People who have traveled to Japan often report back that their initial perceptions of the country's price tag were greatly exaggerated. I hope you learned from this article that visiting Japan on a budget is entirely possible. Keeping your expenses down can be as simple as using discount transportation, eating and sleeping at local establishments, and staying in local accommodations.
Pay for Your Plane Ticket
To locate low-cost airline tickets, try using Skyscanner. My go-to search engine because they check every airline and travel website in the world.
Secure Your Lodging Today
With the largest selection and lowest prices, Hostelworld is the place to book your hostel stay. Use Booking.com to find the lowest prices on guesthouses and inexpensive hotels if you'd rather not stay in a hostel.

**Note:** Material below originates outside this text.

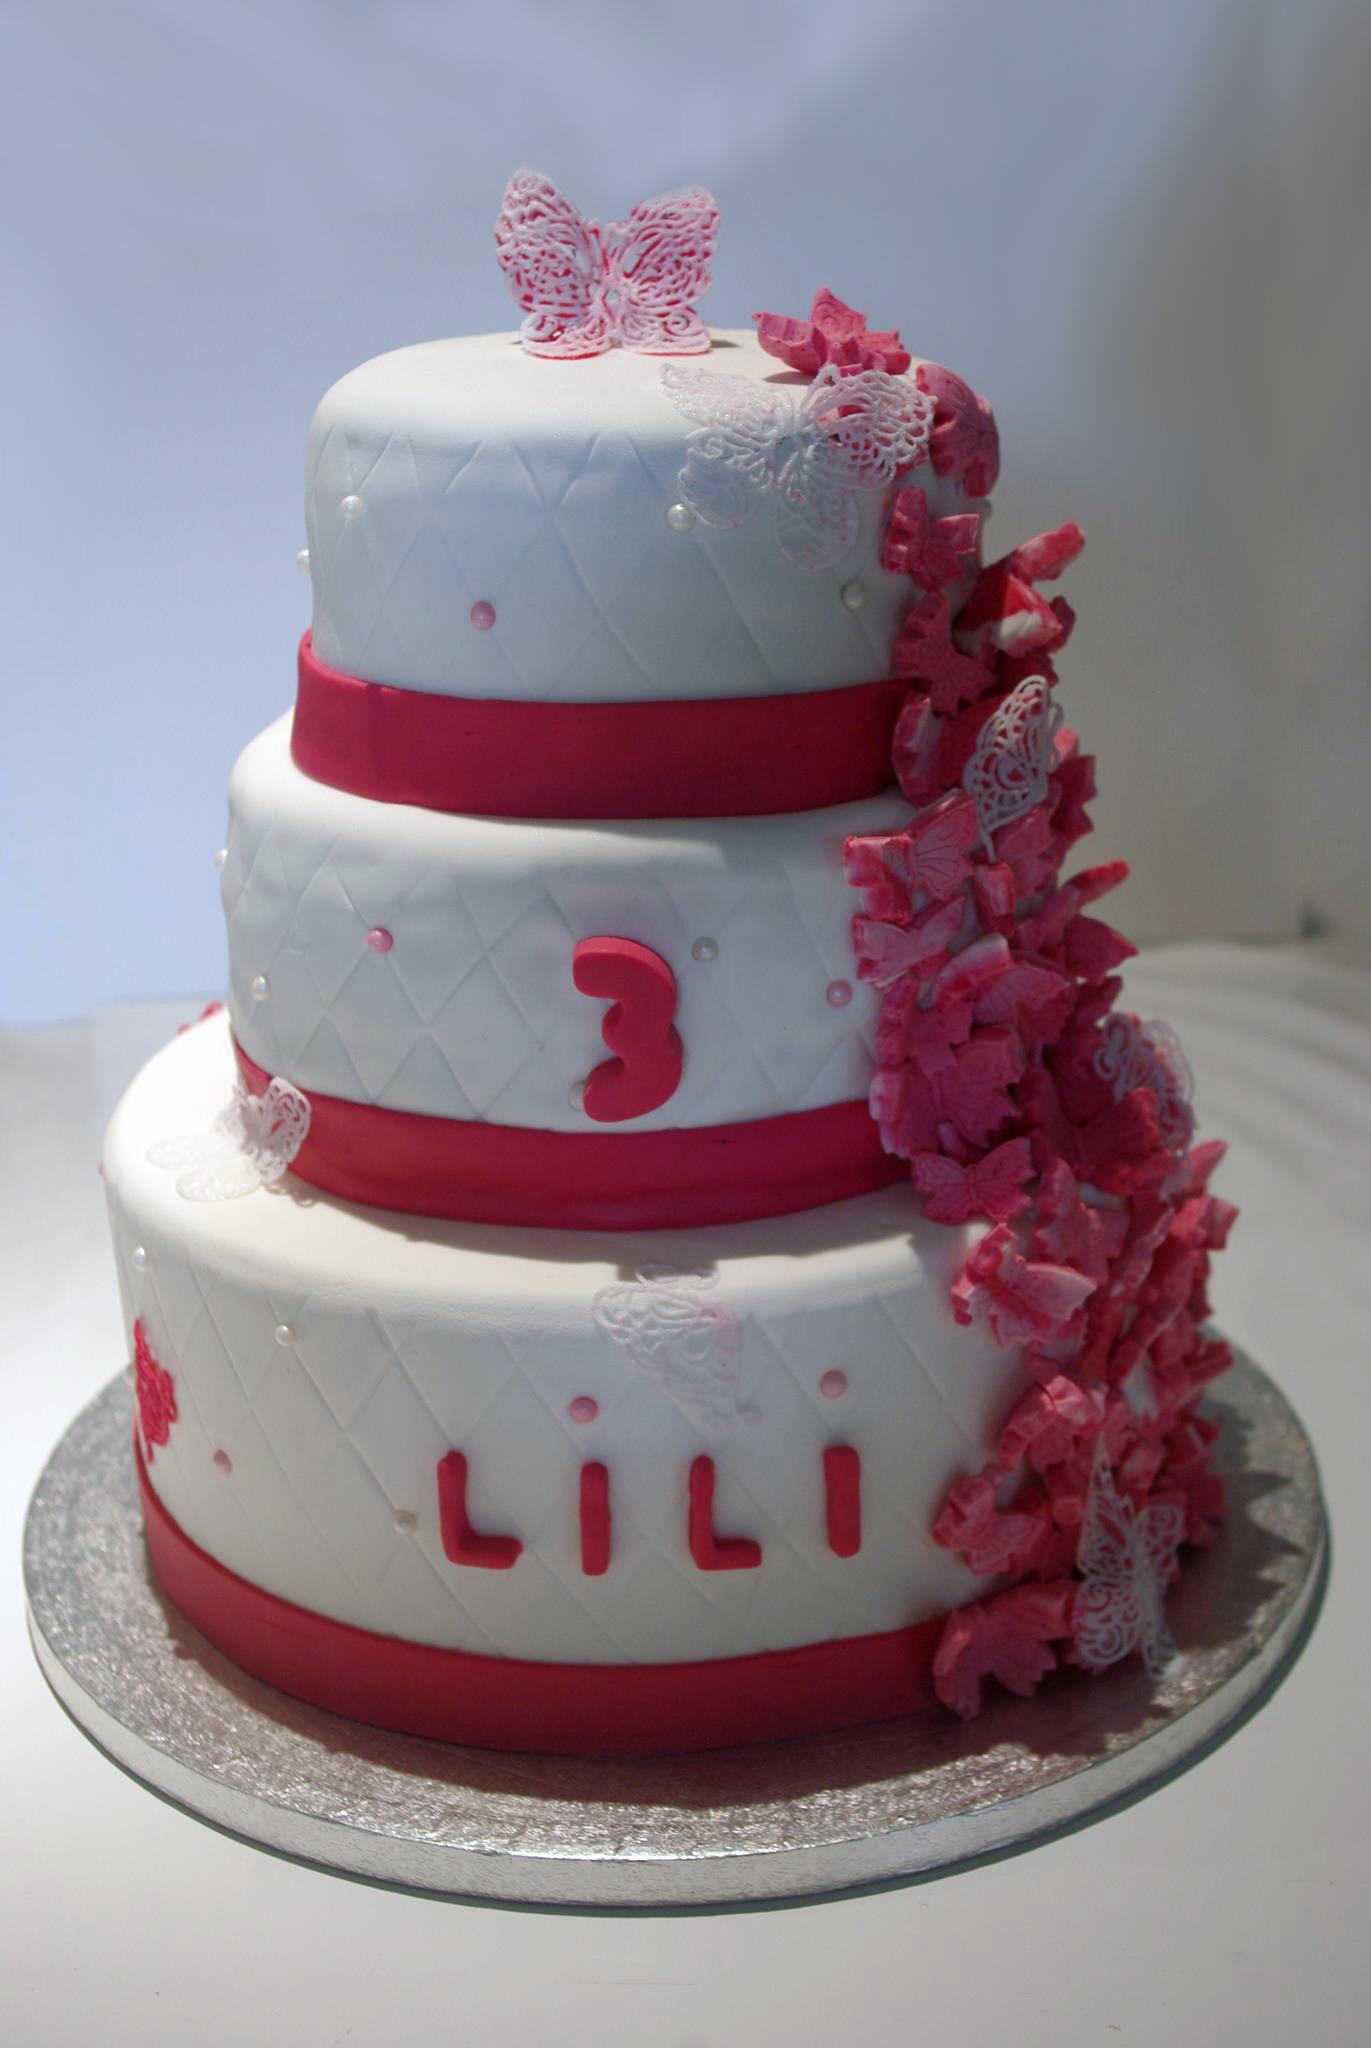 Cake design Lili 3 ans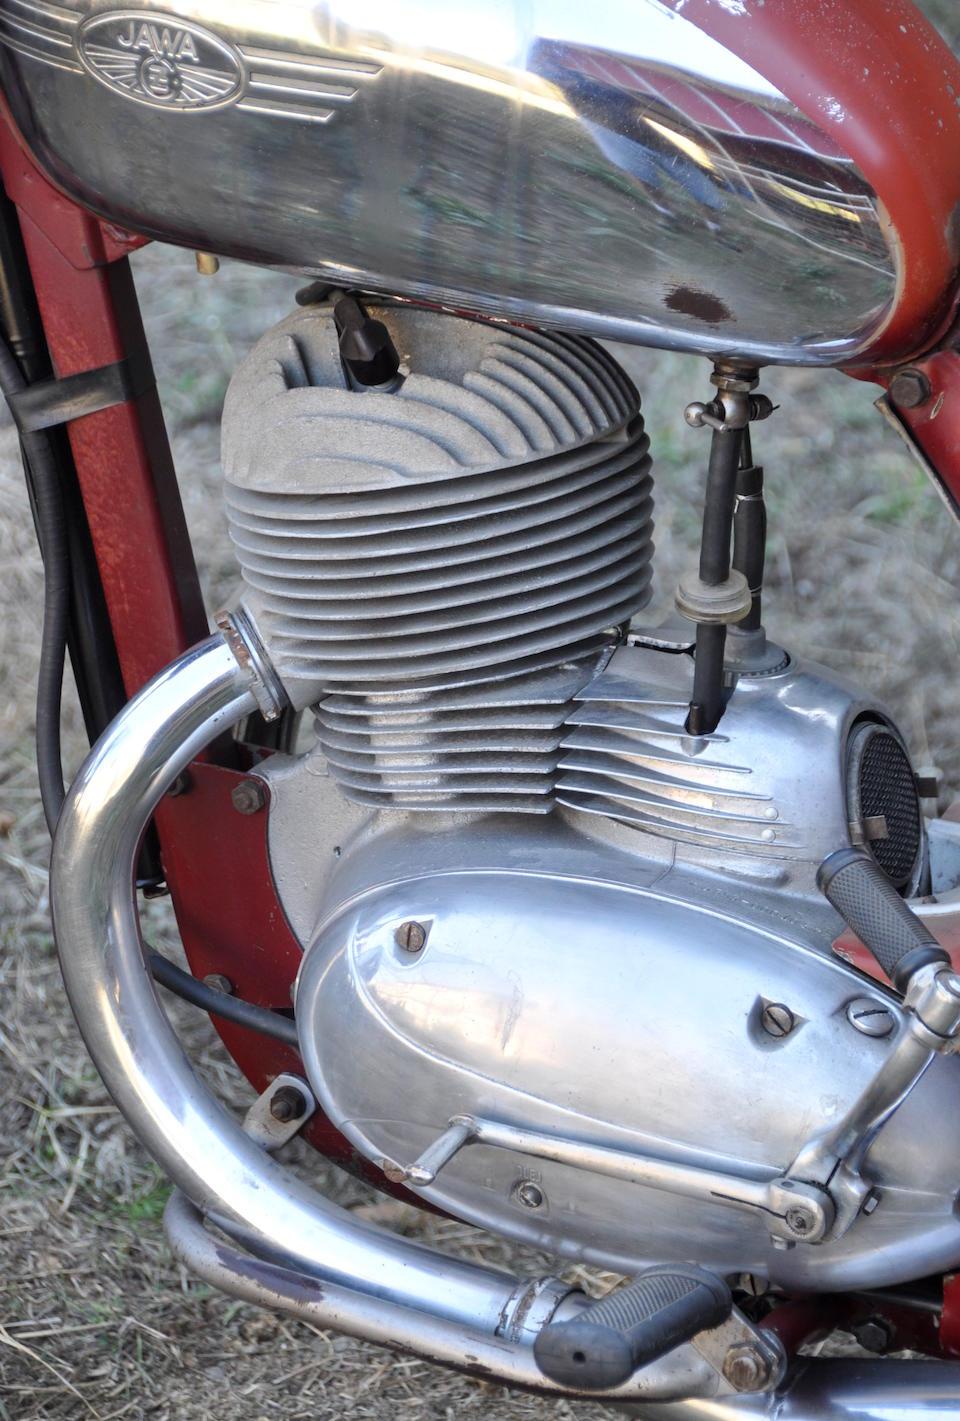 1957 Jawa 250cc ISDT Replica Engine no. S353-000103

Take Out Some Insurance Before You Go
If you purchase travel insurance, you won't have to worry about things like getting sick, getting mugged, having your belongings stolen, or having Complete safety in the event of an emergency Even though I've used it only a handful of times, I always bring it along on trips just in case. I highly recommend the following businesses because they provide excellent service and reasonable prices:
Find the Most Cost-Effective Businesses Today
If you're looking for a reliable travel service, be sure to peruse the information on my handy reference page. Here, I detail every method I employ to cut costs while traveling. Additionally, they will help you save money on future trips.
If you'll be traveling around Japan, you should look into purchasing a Japan Rail Pass. It can save you a lot of money and is available for 7, 14, or 21 days.
You Seek Additional Data Regarding Japan
If you want more information about Japan, check out our comprehensive travel guide.